WORK REQUEST →
The whole listing below should be printed again exactly, with no images.

== RECORDED DATA

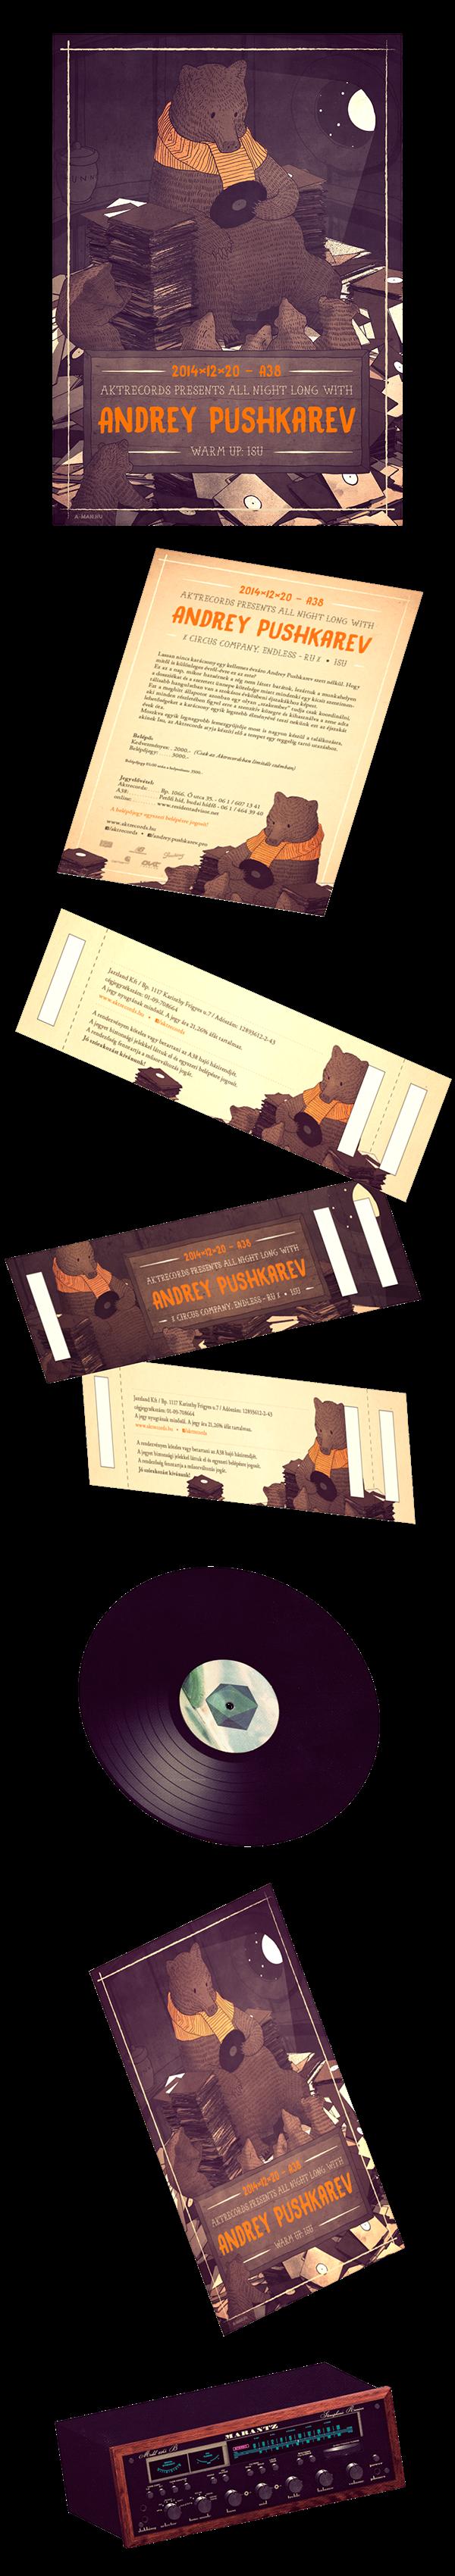 bear vinyl Records LP dj brown natural wood honey animal 3D texture party flyer ticket
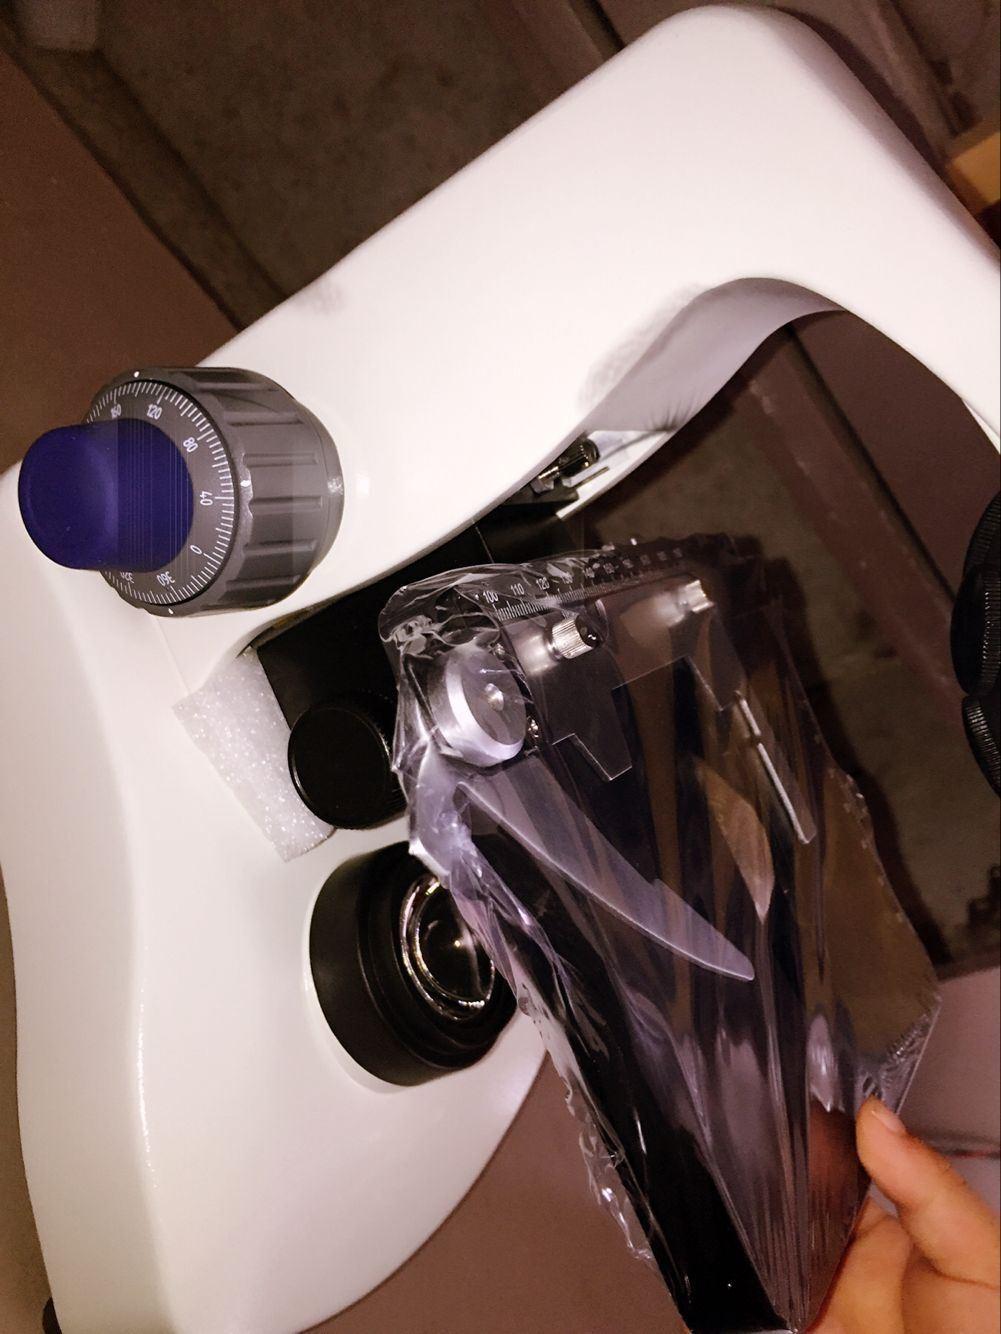 Digital Student Lab Microscope 3.0mega Pixel
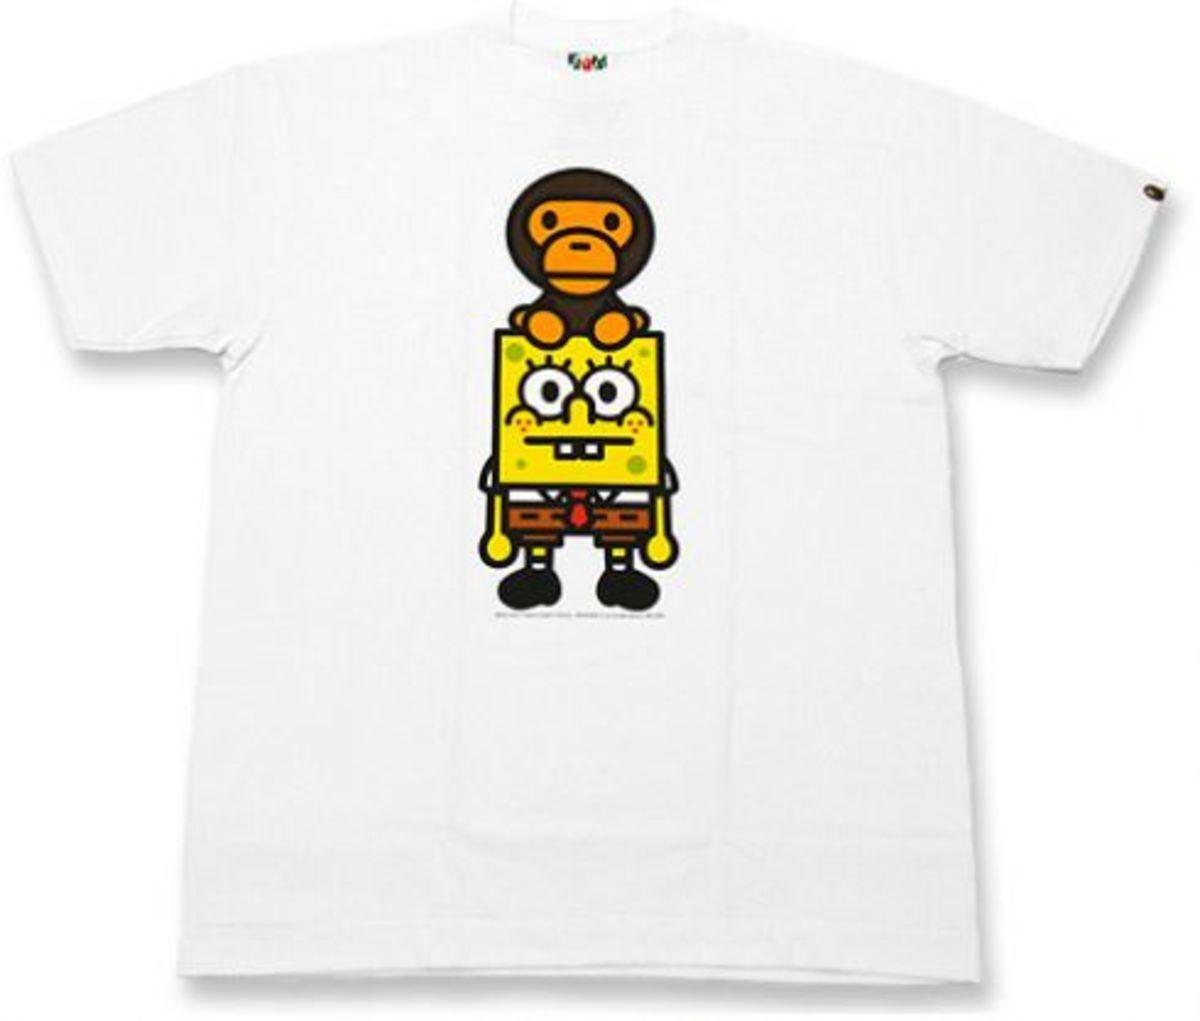 aa03fad5 BAPE x SpongeBob - New Baby Milo T-Shirt | Ideas for the house ...

====

REPLY →
 bear vinyl Records LP dj brown natural wood honey animal 3D texture party flyer ticket
 Digital Student Lab Microscope 3.0mega Pixel
 aa03fad5 BAPE x SpongeBob - New Baby Milo T-Shirt | Ideas for the house ...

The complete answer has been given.